What's new

Diagnosing frequent dropouts

  • SNBForums Code of Conduct

    SNBForums is a community for everyone, no matter what their level of experience.

    Please be tolerant and patient of others, especially newcomers. We are all here to share and learn!

    The rules are simple: Be patient, be nice, be helpful or be gone!

ADFHogan

Regular Contributor
Short version:
Am noticing my internet connection drop out roughly every 4 hours, fairly consistently, but nothing obvious is popping out as a cause.
ISP doesn't register every dropout, nor does the modem, suggesting that not all situations where the router detects no internet are actually no internet.
Most of the time, outage is seen as very momentary drop - long enough for persistent connections to drop.
Samknows monitoring appliance behind the router shows most dropouts as only lasting a few seconds.
Have bumped up the logging level just now, and am wondering what I can do to diagnose the issue.

More detail:
Running an RT-AC5300 with firmware version 386.5 in a dirty upgrade from 386.4. USB2 USB stick attached, with USB port in USB2.0 mode.

On this USB, have:
  • Diversion v4.2.2
  • Skynet v7.2.8
  • scribe v2.4.3
  • nsrum v30.4.0
  • scMerlin v2.4.0
  • YazDHCP v1.0.4
... installed.
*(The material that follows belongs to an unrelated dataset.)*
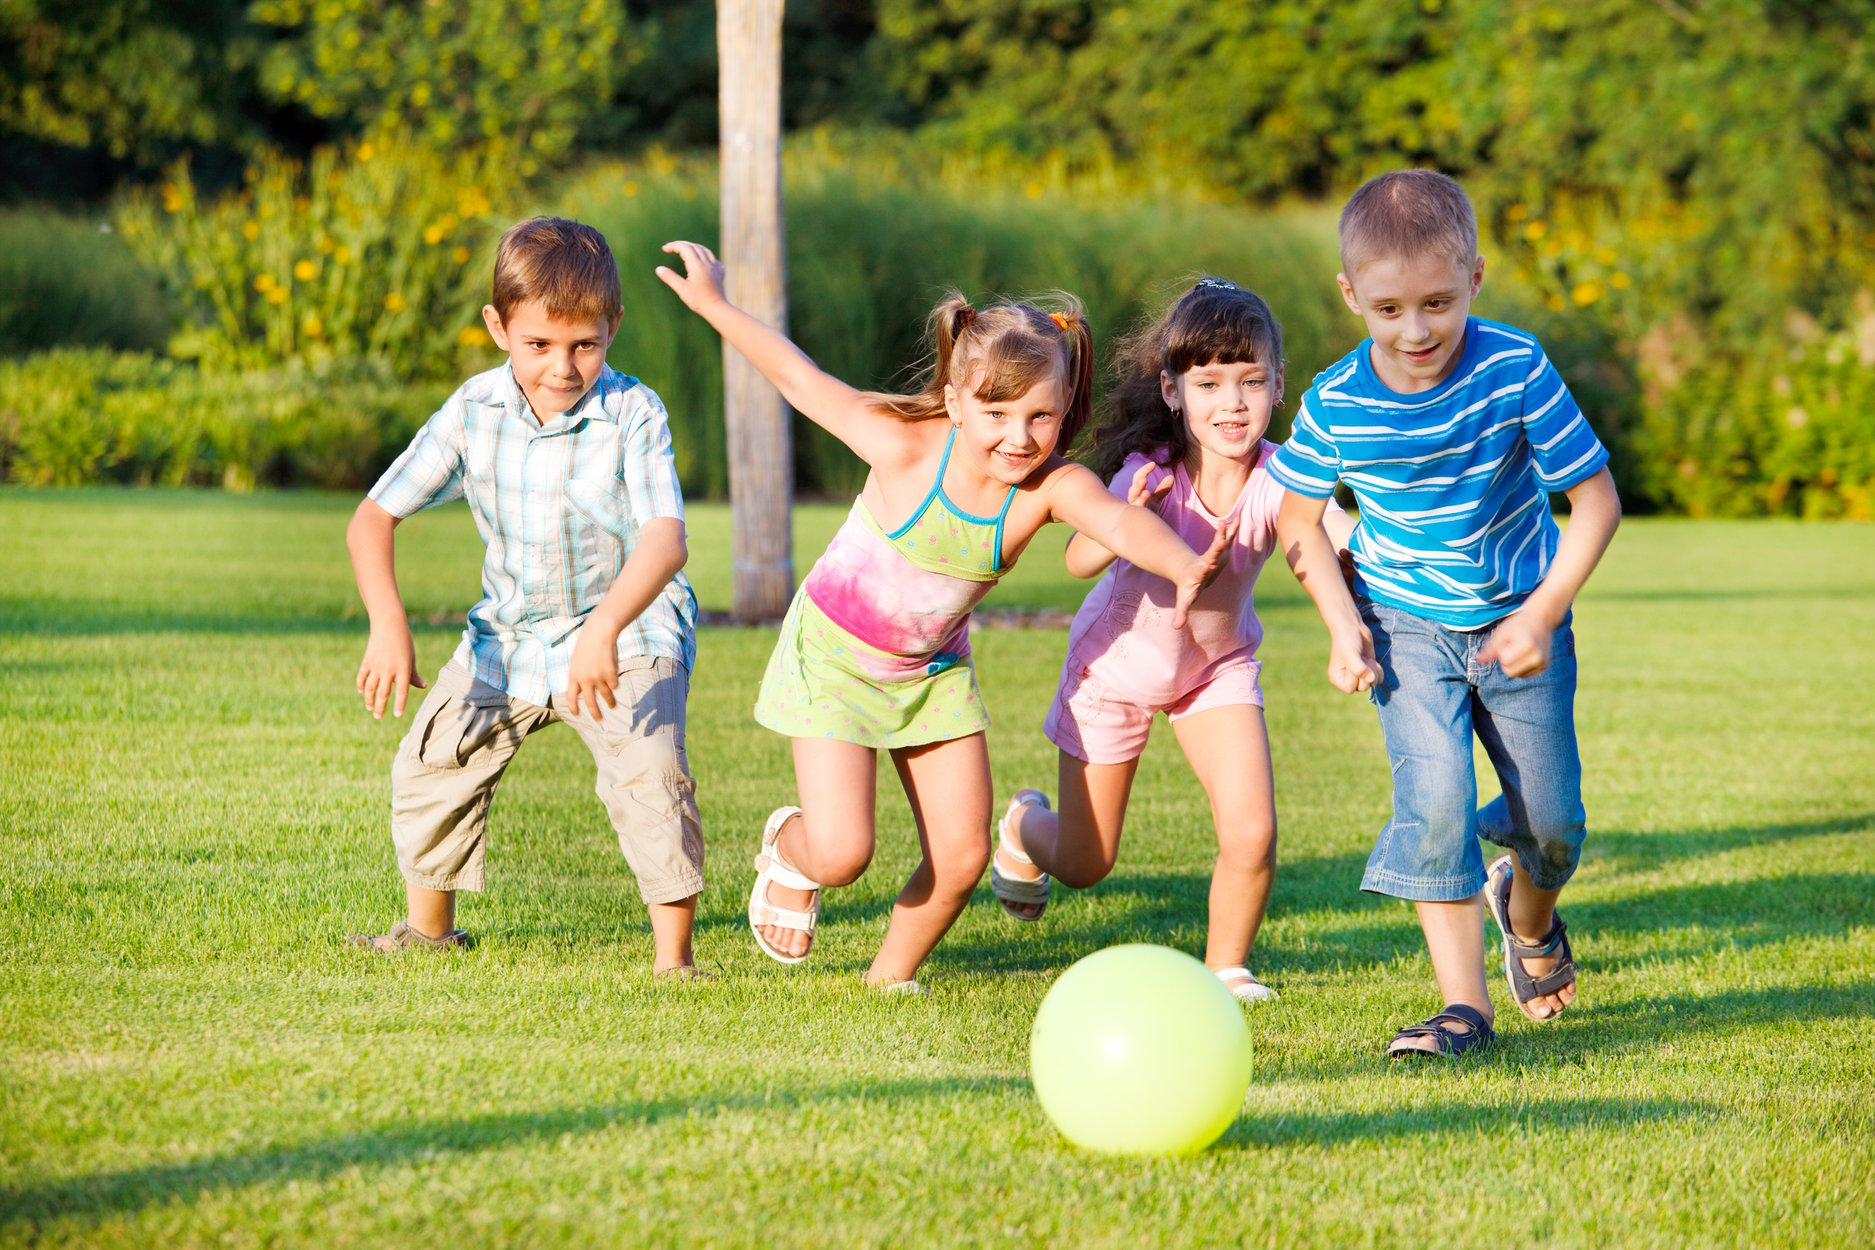 Physical Activity Benefits Children's Mental Health

I used to have dnscrypt installed, but it went a bit screwy, so I removed it.

Whilst in bridged mode, found that AsusWRT Merlin didn't seem to play nice with ISP DHCP when modem in bridge mode, with even more frequent dropouts noted, even when trying all of:
  • Normal
  • Aggressive
  • Continuous
(... as an aside, is it just me, or is wanduck reeeeeally vague about when it sees a problem?)

Currently in a Double NAT scenario with ISP modem. On the upside I can now query the ISP modem's status page.

I haven't seen anything obvious in /opt/var/log/messages. I've just rebooted my router with log levels:
  • message_loglevel=7 (debug)
  • log_level=8 (everything)
  • console_loglevel=5 (important stuff - though arguably I'm never really connected to the console)
I have had the combination of:
  • ISP (another brand of same ISP at a different address admittedly, with a static IP assigned via DHCP, now fully dynamic)
  • ISP modem (in bridge mode)
  • RT-AC5300
  • Samknows appliance
  • Unifi switch
... working stably and without error at a previous address for quite some time, the main difference being I wasn't using the inbuilt wifi of the RT-AC5300, and I am presently using an RT-AC3200 as a media bridge to the RT-AC5300.
The temporary address where I am now, however, it's easier using inbuilt wifi than trying to get the Unifi APs set up temporarily.

Any ideas?

Samknows dropout monitoring:
1647350533311.png


ISP records (I think they're a few hours out, due to timezone difference from ISP head office):
1647350968603.png


I have had the last mile provider out to the premises, and they've advised there is some wiring work to do, but that I would think would be reflected in the ISP records which are but a fraction of the Samknows detections.

Where to start?
 
Dirty upgrade, over half a dozen scripts, and at least one were fidgeted with and eventually removed?

The fastest way to a stable and good/known state for your router is a full reset at this point.

If someone doesn't come in with a working 'fix' for you in the next few hours, that is where I'd be spending my network time to eliminate this issue.

Save whatever current settings/data you have on the router and USB drive, but I would start with a formatted drive (before plugging it into the router again) and a minimally and manually configured router to connect to your ISP and secure your network.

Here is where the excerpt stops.